**WHAT YOU NEED TO DO**
Write out each line of the material exactly as given, and drop the images.

**COLLECTED DATA**
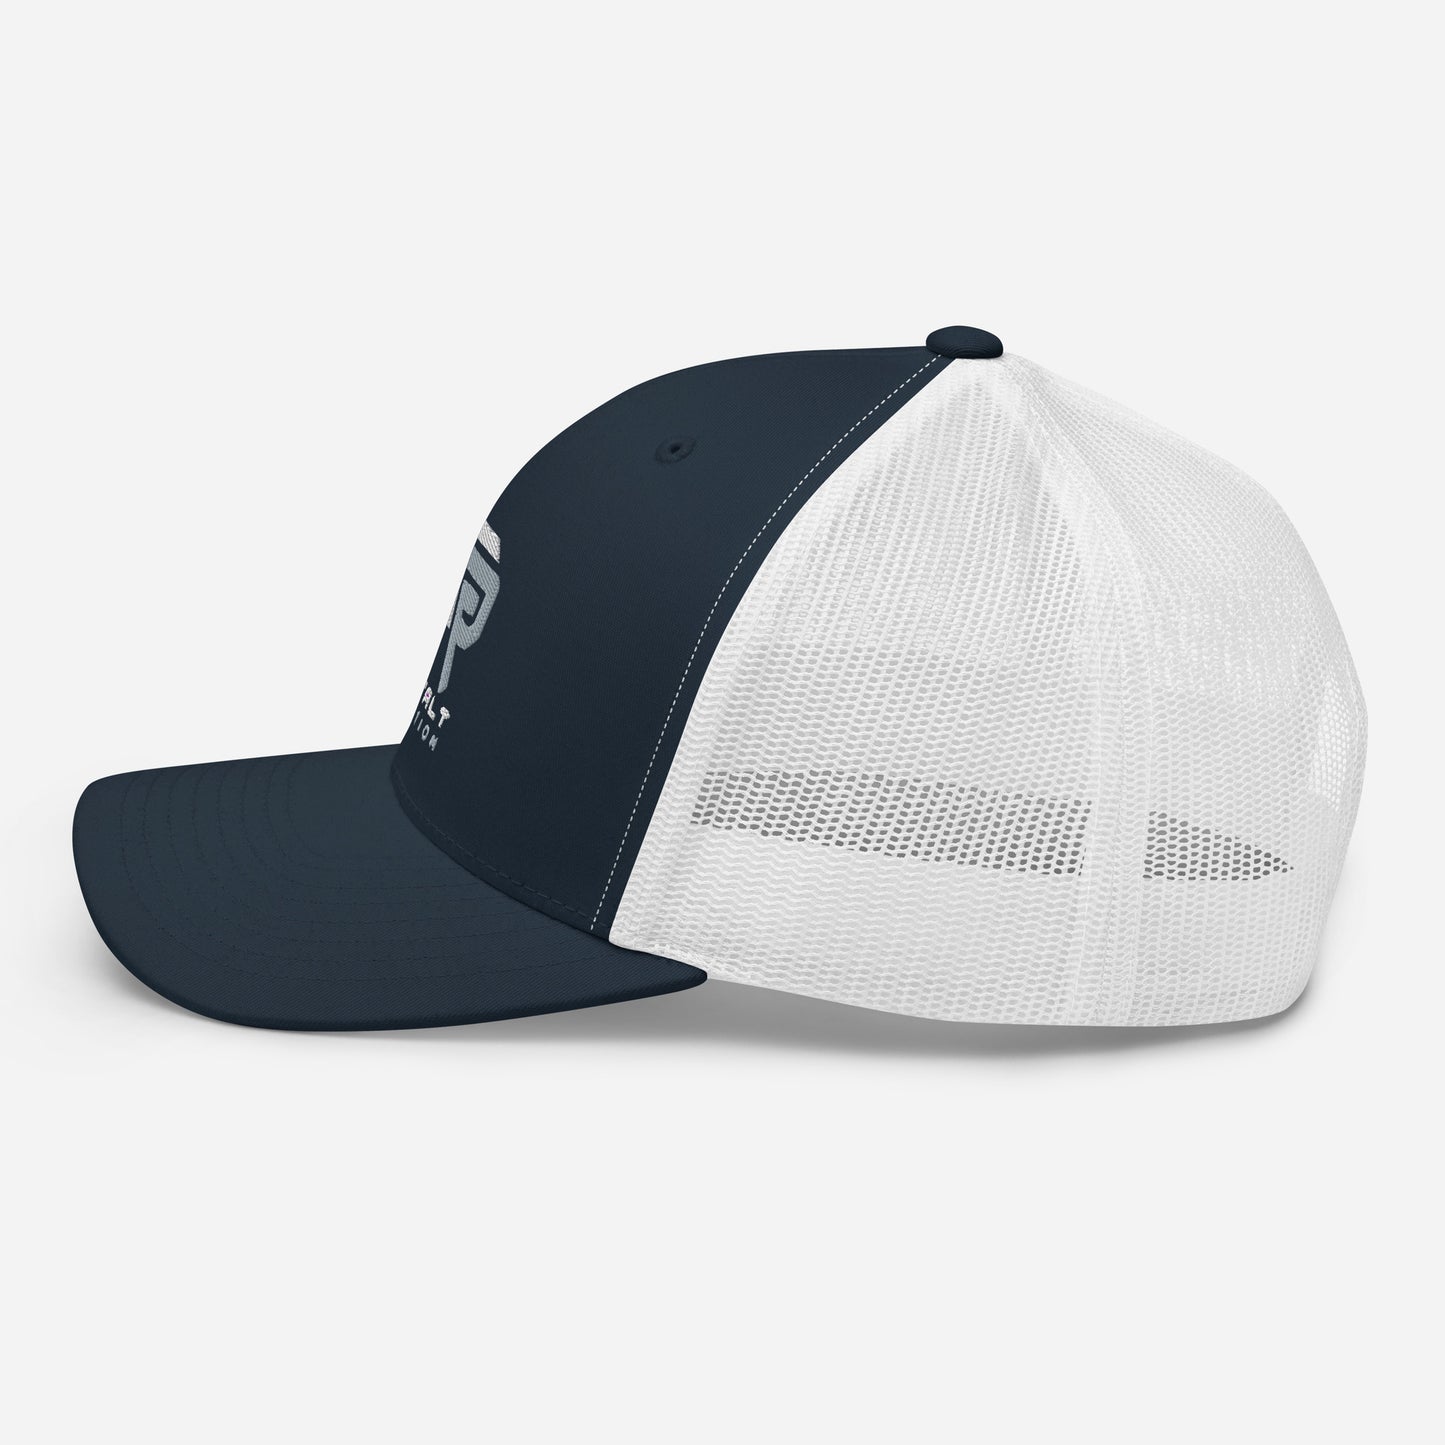 Regular Mesh Back Hat [Embroidered Design]
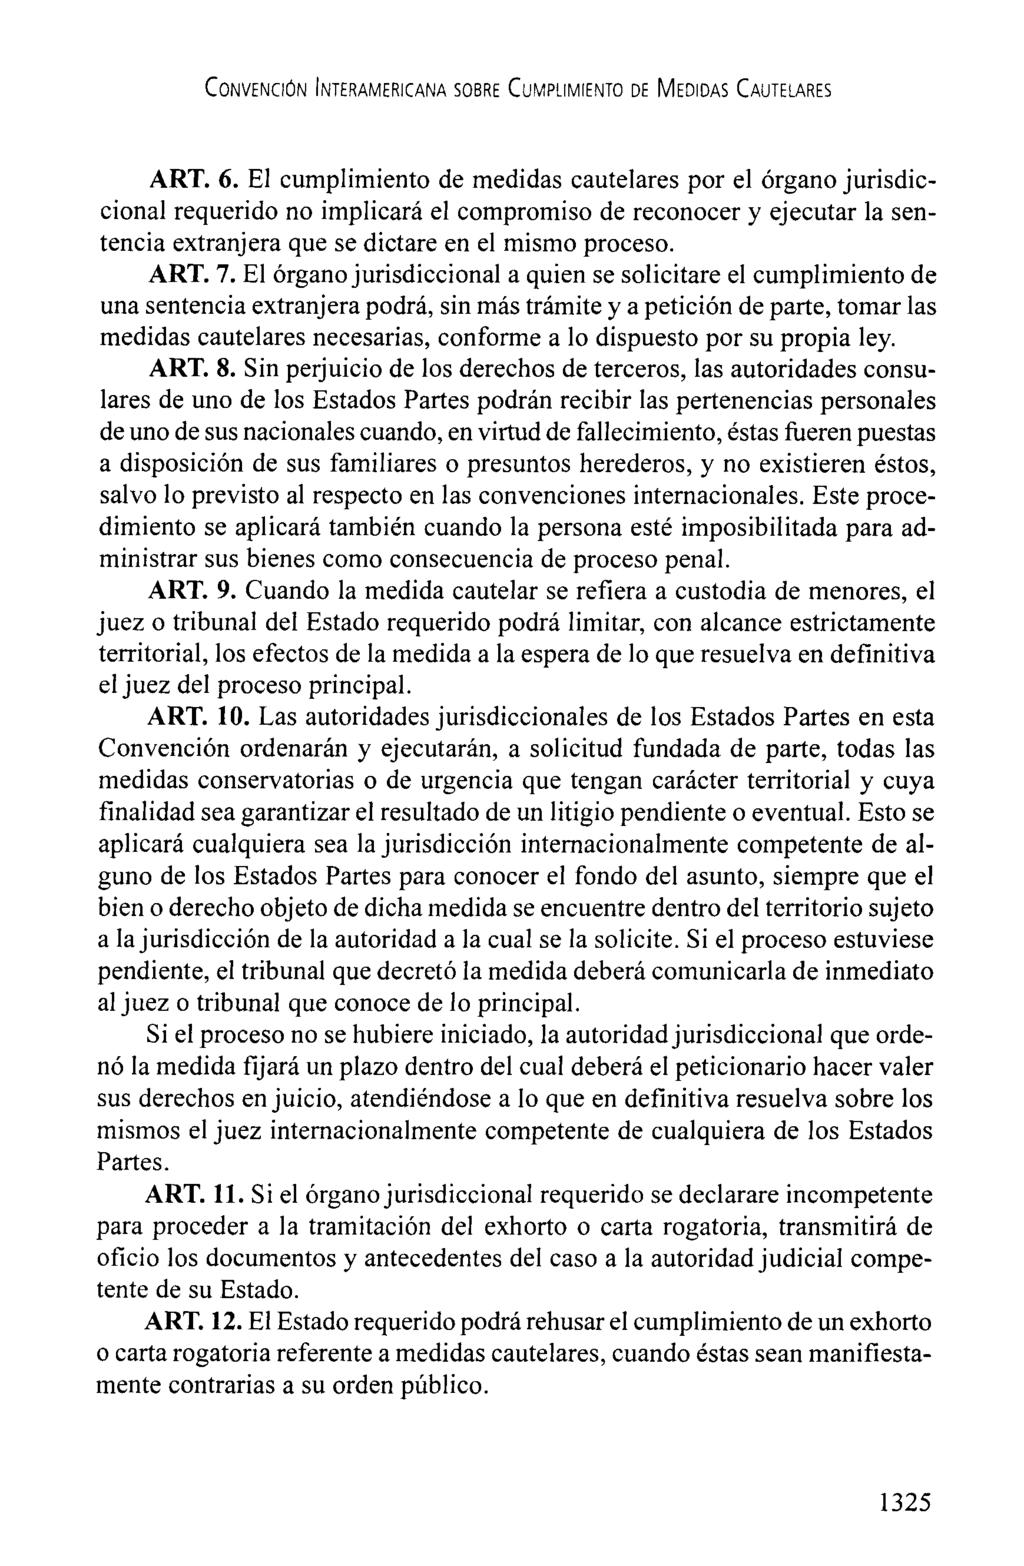 CONVECION INTERAMERICANA SOBRE CUMPUMIENTO DE MEDIDAS CAUTELARES ART. 6.
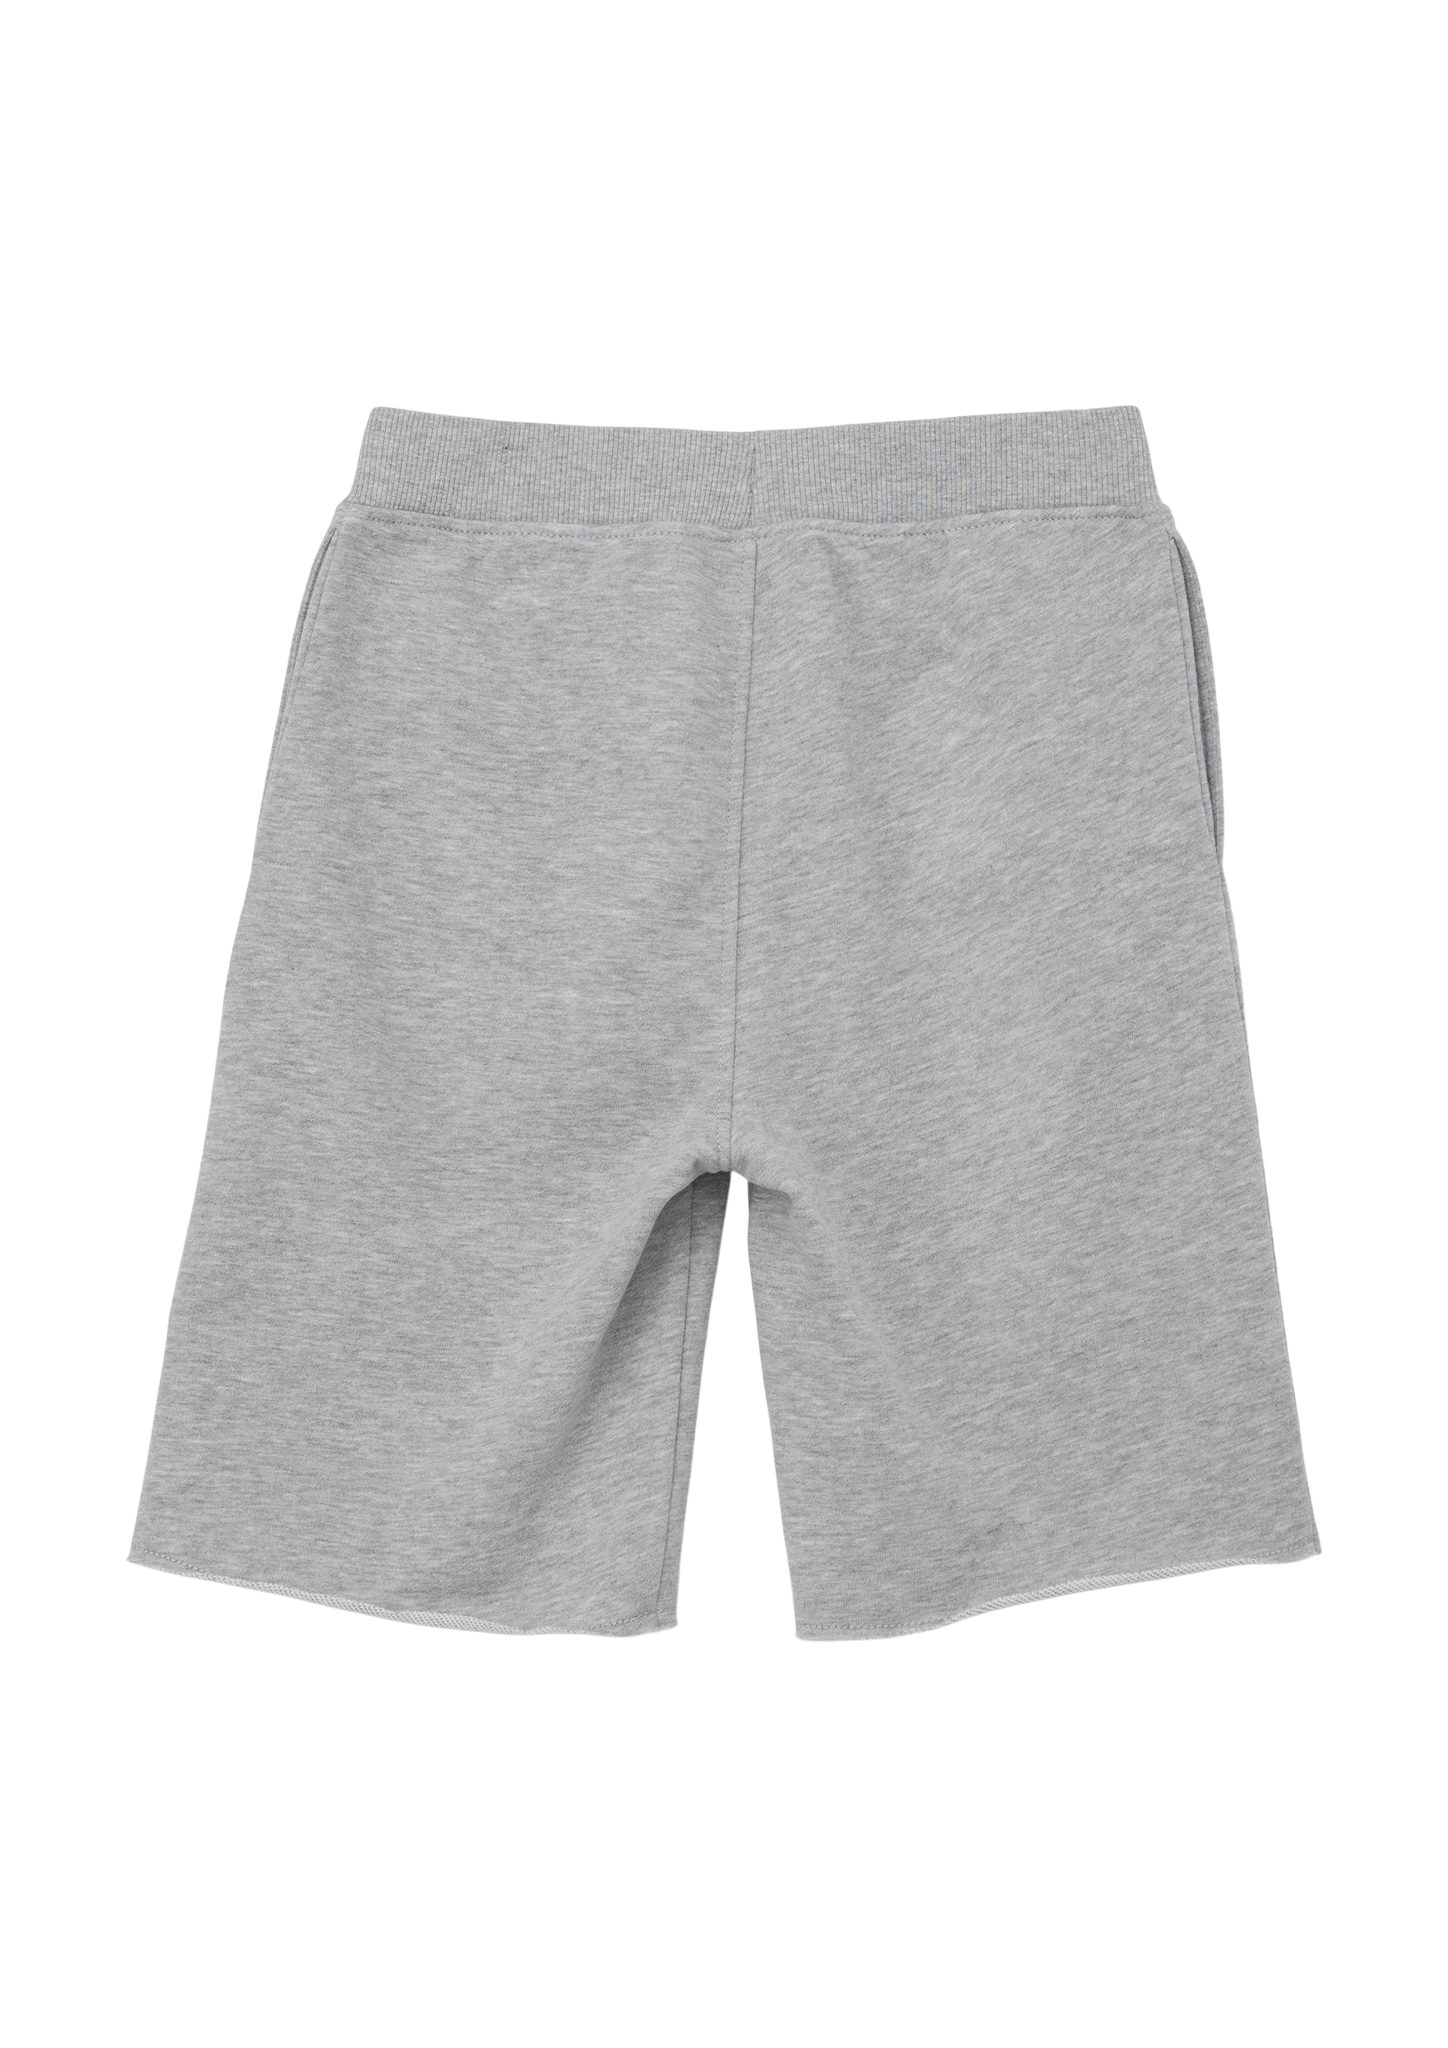 s.Oliver Leggings Regular: Sweat-Shorts mit Elastikbund Tunnelzug grau meliert angedeuteter Rippblende

**ANSWER**
 Regular Mesh Back Hat [Embroidered Design]
 CONVECION INTERAMERICANA SOBRE CUMPUMIENTO DE MEDIDAS CAUTELARES ART. 6.
 s.Oliver Leggings Regular: Sweat-Shorts mit Elastikbund Tunnelzug grau meliert angedeuteter Rippblende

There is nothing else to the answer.